I'm having trouble interpreting if the test is failing because there's
a bug in my changes, or if maybe this test isn't quite right, and my
changes to points of uncertainty are revealing that. I'm honestly
having trouble thinking through what the correct behavior of this test
is.

So, my question is where are the points of uncertainty, and how does
the initiated content resolve those PoUs, and what is the expected
result?

The test expects a parse error with the assertion error of "the
expected message", but I currently get a missing END terminator error.
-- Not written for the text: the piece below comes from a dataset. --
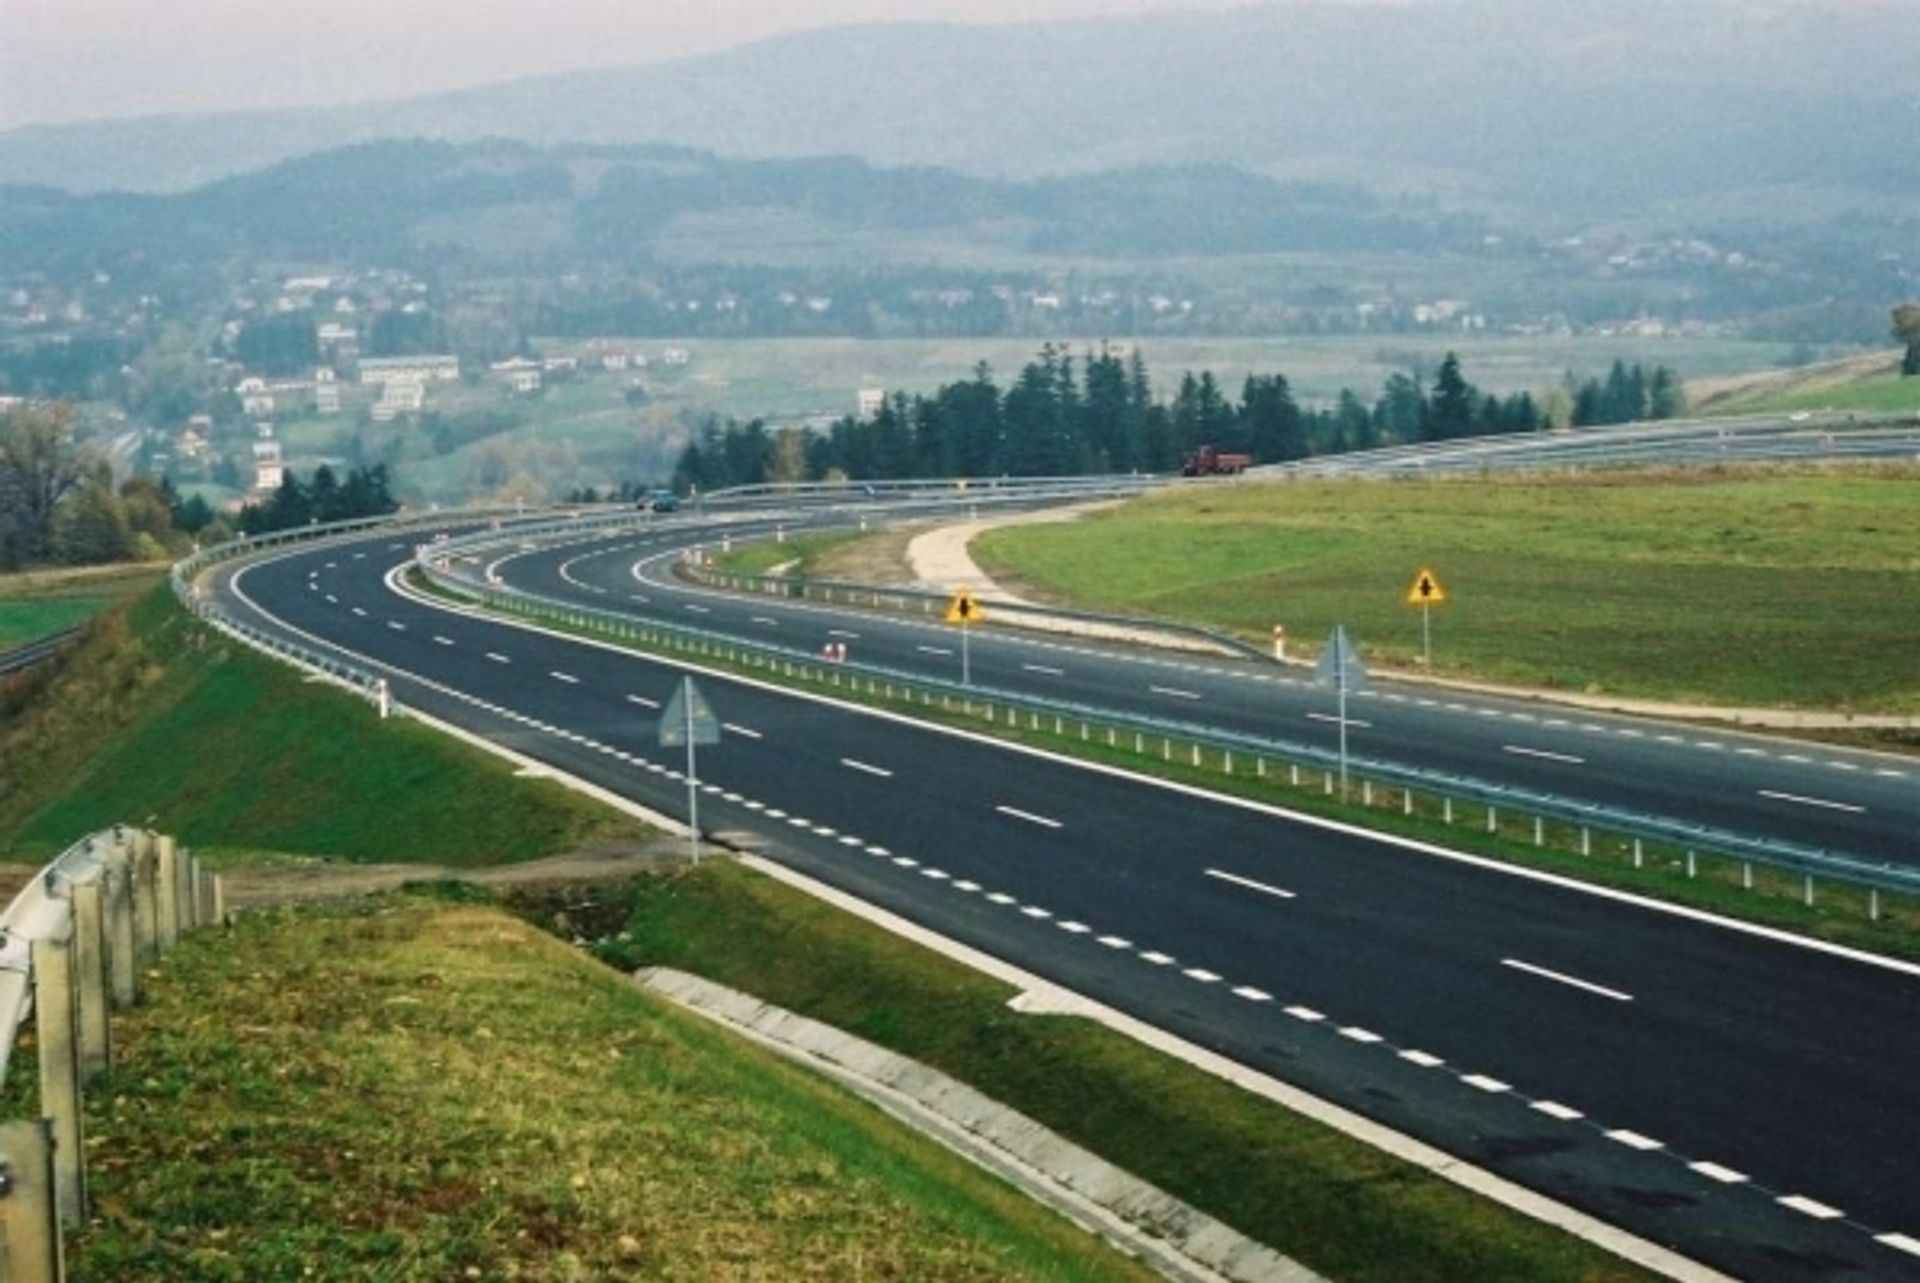  Pol-Dróg będzie utrzymywać drogi krajowe Mazowsza
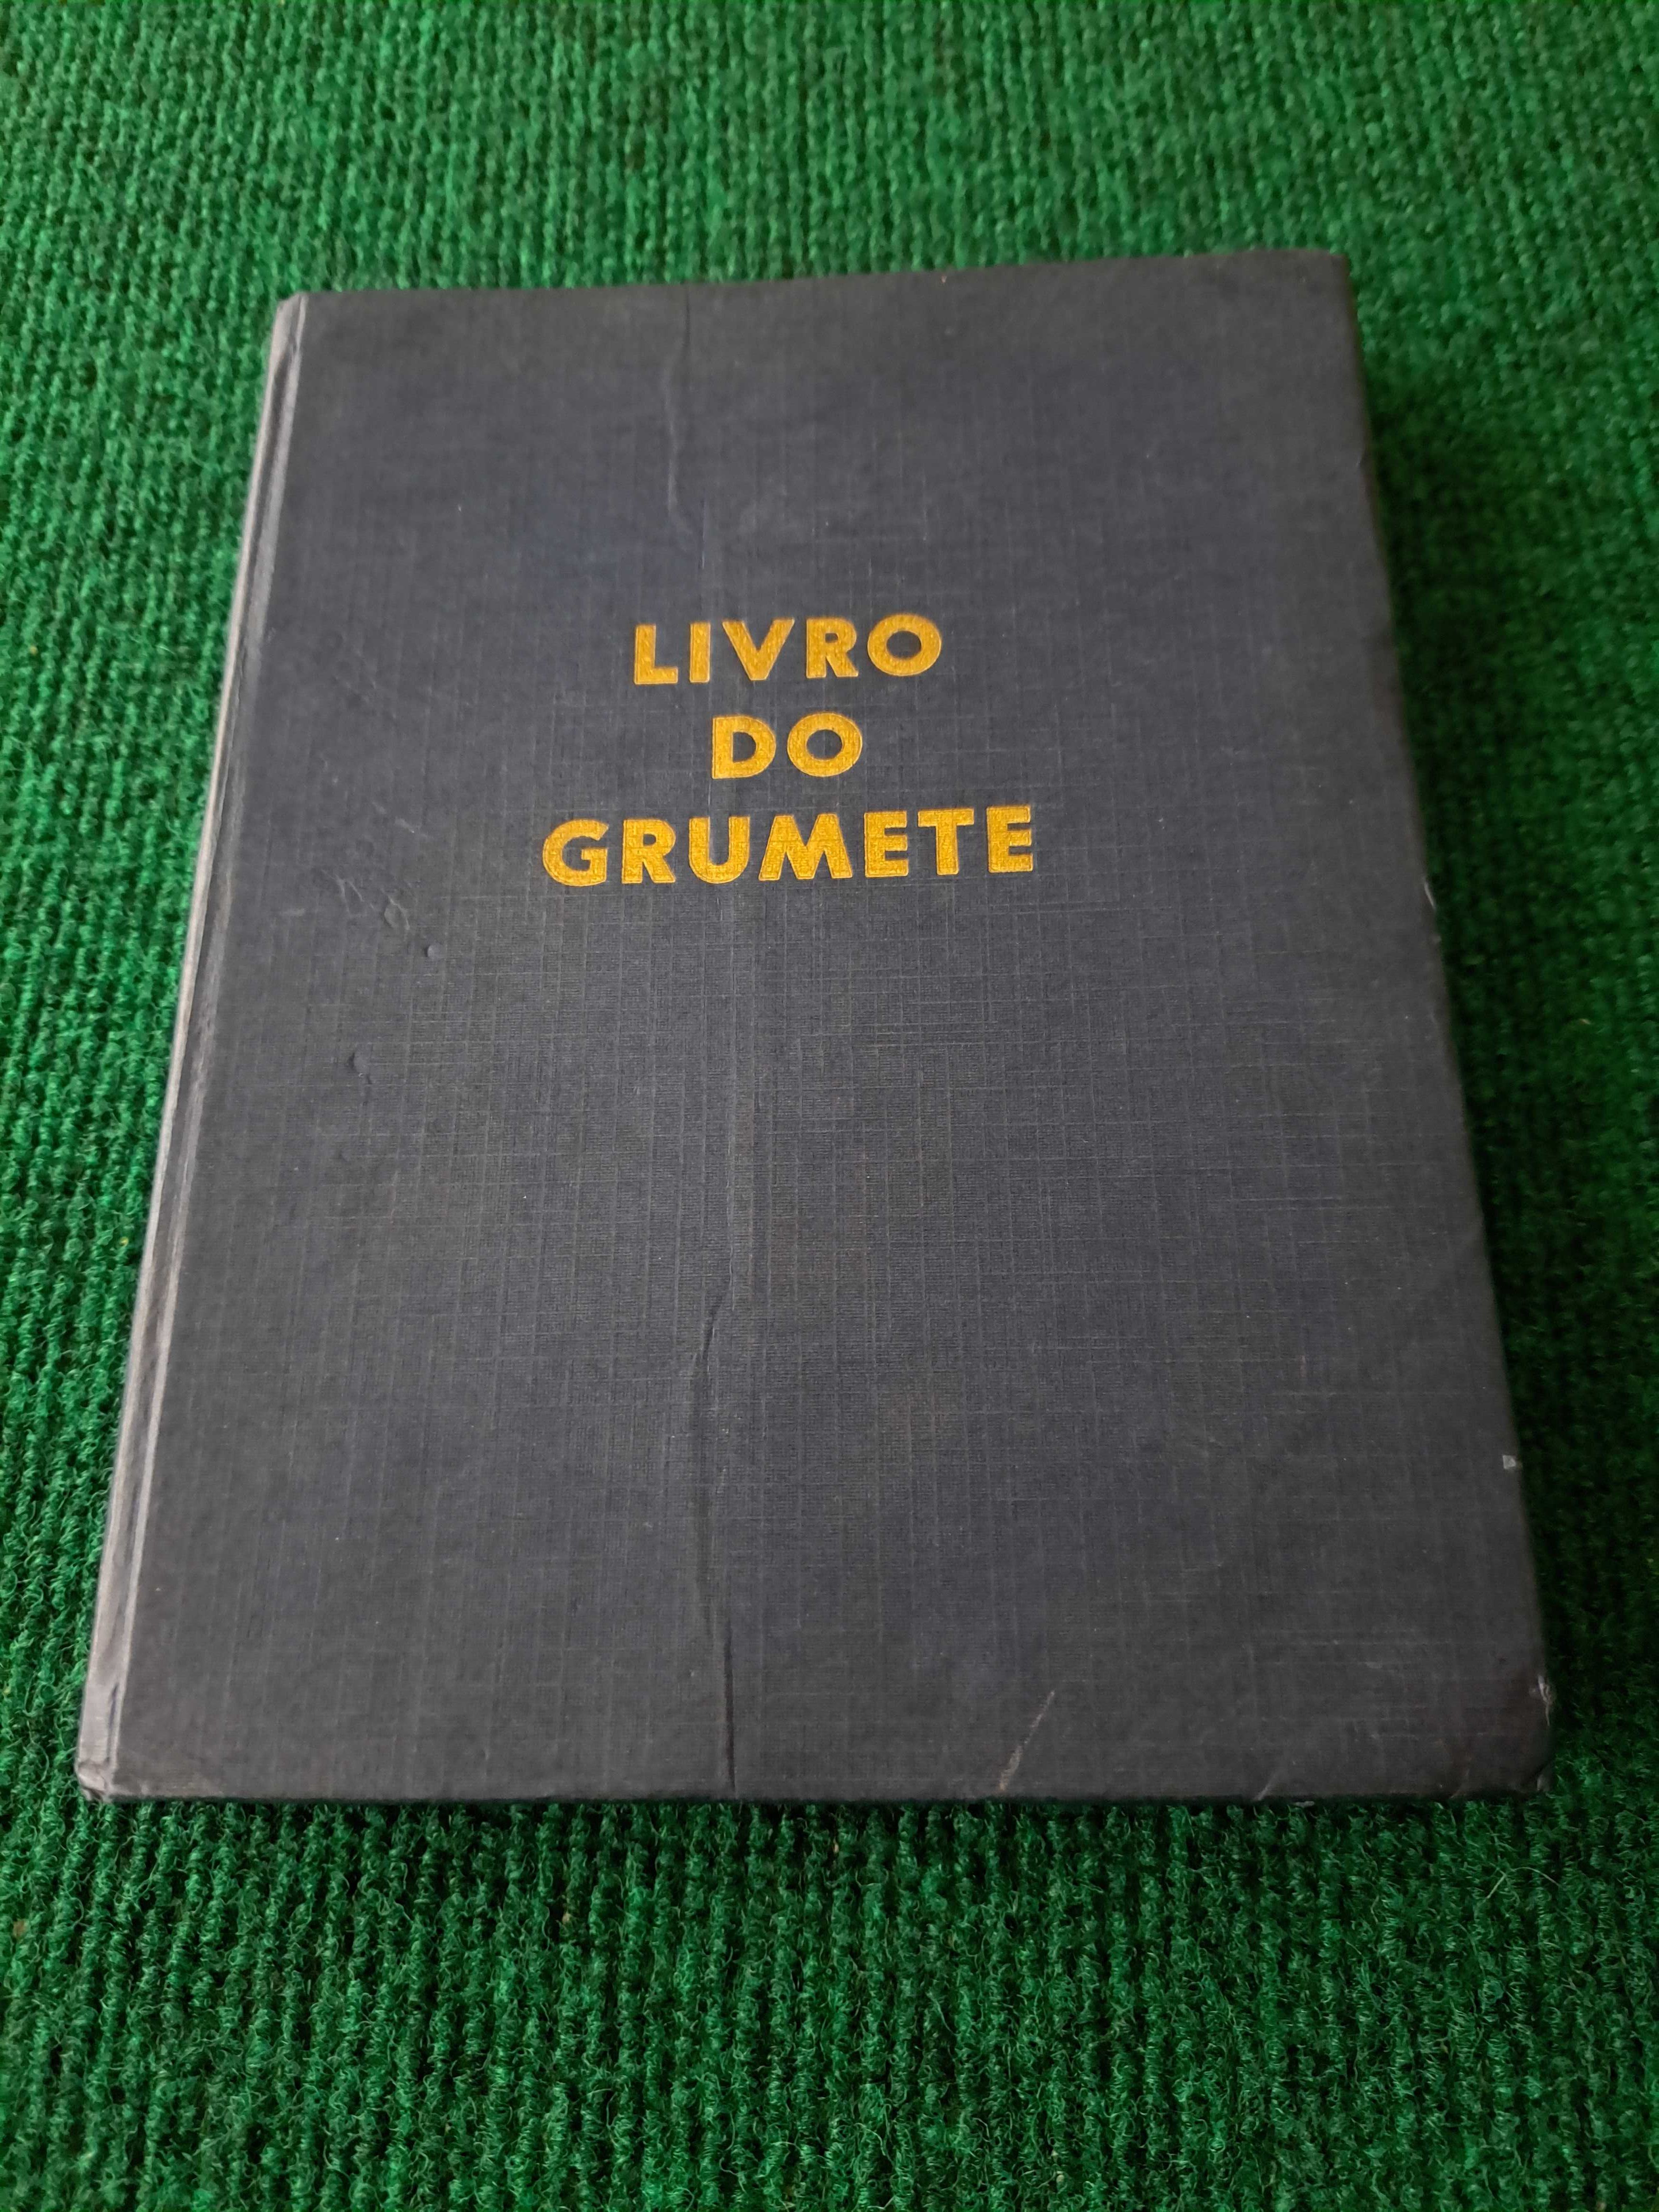 O Livro do Grumete - 3.° Edição - 1954

Re: Points of Uncertainty and Unordered Sequences

Posted by "Beckerle, Mike" <mb...@tresys.com>.
There are two PoU here, one for each recurring element.

The initiator once found should discriminate the element so that the assert for X, since it will fail, should cause the X array to fail entirely, and the whole schema should fail.

I think you should get the message "the expected message" from the failure.

So it seems discrimination is not taking place.



________________________________
From: Steve Lawrence <sl...@apache.org>
Sent: Wednesday, August 12, 2020, 1:00 PM
To: dev@daffodil.apache.org
Subject: Points of Uncertainty and Unordered Sequences

I'm working on fixing how points of uncertainty are handled so they
have the correct behavior and to allow memory cleanup (DAFFODIL-2371).
I'm making good progress, I think I need to write some additional
tests, but so far only one test is failing, related to unordered
sequences with initiated content. The schema we have looks like this:

  <xs:annotation>
    <xs:appinfo source="http://www.ogf.org/dfdl/">
      <dfdl:format ref="ex:GeneralFormat"
        lengthUnits="characters"
        lengthKind="delimited"
        occursCountKind="parsed" />
    </xs:appinfo>
  </xs:annotation>

  <xs:element name="R" dfdl:terminator="END">
    <xs:complexType>
      <xs:sequence dfdl:separator="|" dfdl:separatorPosition="infix"
        dfdl:sequenceKind="unordered" dfdl:initiatedContent="yes">
        <xs:element name="X" type="xs:string" maxOccurs="unbounded"
          dfdl:initiator="X:">
          <xs:annotation>
            <xs:appinfo source="http://www.ogf.org/dfdl/">
              <dfdl:assert message="the expected message">
                { . eq 'expected' }
              </dfdl:assert>
            </xs:appinfo>
          </xs:annotation>
        </xs:element>
        <xs:element name="Y" type="xs:string" maxOccurs="unbounded"
          dfdl:initiator="Y:"/>
      </xs:sequence>
    </xs:complexType>
  </xs:element>

So we have an unordered sequence with initiated content. The test data
looks like this:

  X:not expected|Y:something else

I'm having trouble interpreting if the test is failing because there's
a bug in my changes, or if maybe this test isn't quite right, and my
changes to points of uncertainty are revealing that. I'm honestly
having trouble thinking through what the correct behavior of this test
is.

So, my question is where are the points of uncertainty, and how does
the initiated content resolve those PoUs, and what is the expected
result?

The test expects a parse error with the assertion error of "the
expected message", but I currently get a missing END terminator error.